Nakahara Hiroyuki, Itoh Hideaki, Kawagoe Reiko, Takikawa Yoriko, Hikosaka Okihide
Lab for Mathematical Neuroscience, RIKEN Brain Science Institute, Wako, Saitama, Japan.
Neuron. 2004 Jan 22;41(2):269-80. doi: 10.1016/s0896-6273(03)00869-9.
Midbrain dopamine (DA) neurons are thought to encode reward prediction error. Reward prediction can be improved if any relevant context is taken into account. We found that monkey DA neurons can encode a context-dependent prediction error. In the first noncontextual task, a light stimulus was randomly followed by reward, with a fixed equal probability. The response of DA neurons was positively correlated with the number of preceding unrewarded trials and could be simulated by a conventional temporal difference (TD) model. In the second contextual task, a reward-indicating light stimulus was presented with the probability that, while fixed overall, was incremented as a function of the number of preceding unrewarded trials. The DA neuronal response then was negatively correlated with this number. This history effect corresponded to the prediction error based on the conditional probability of reward and could be simulated only by implementing the relevant context into the TD model.

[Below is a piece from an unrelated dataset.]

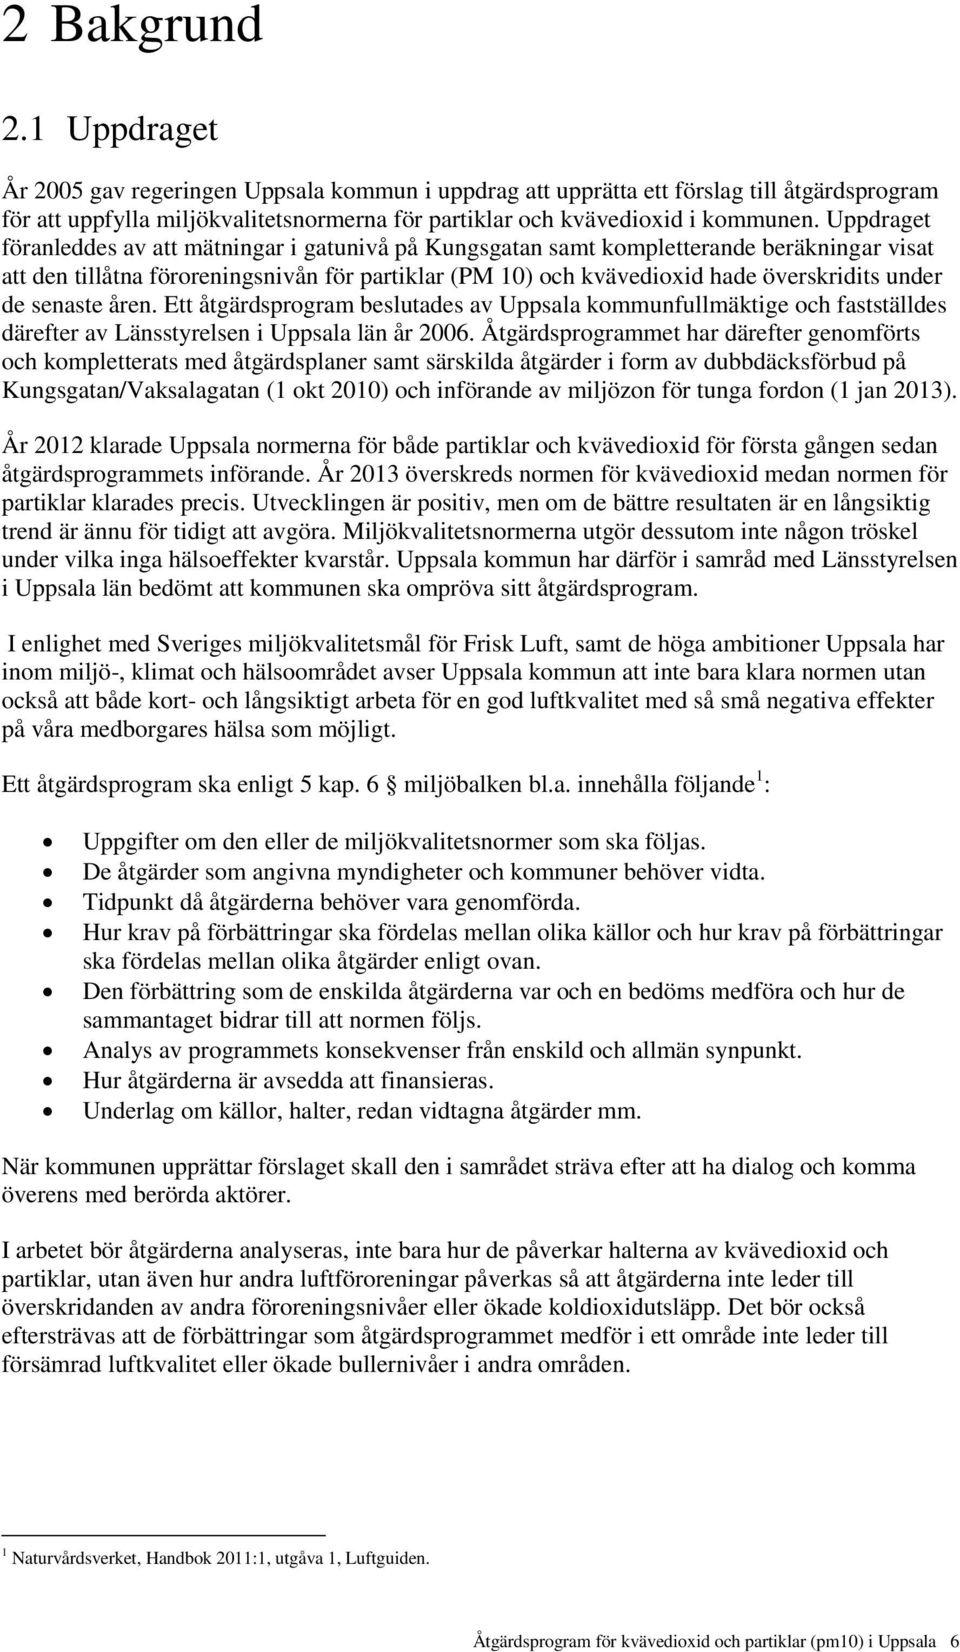 de senaste åren. Ett åtgärdsprogram beslutades av Uppsala kommunfullmäktige och fastställdes därefter av Länsstyrelsen i Uppsala län år 2006.

中脑多巴胺(DA)神经元被认为编码奖励预测误差。如果考虑任何相关背景,奖励预测可以得到改善。我们发现猴子的DA神经元可以编码依赖于背景的预测误差。在第一个非背景任务中,光刺激之后随机给予奖励,概率固定且相等。DA神经元的反应与之前未获得奖励的试验次数呈正相关,并且可以用传统的时间差分(TD)模型进行模拟。在第二个背景任务中,呈现一个指示奖励的光刺激,其概率虽然总体上是固定的,但会根据之前未获得奖励的试验次数而增加。然后DA神经元的反应与这个次数呈负相关。这种历史效应对应于基于奖励条件概率的预测误差,并且只有在将相关背景纳入TD模型时才能进行模拟。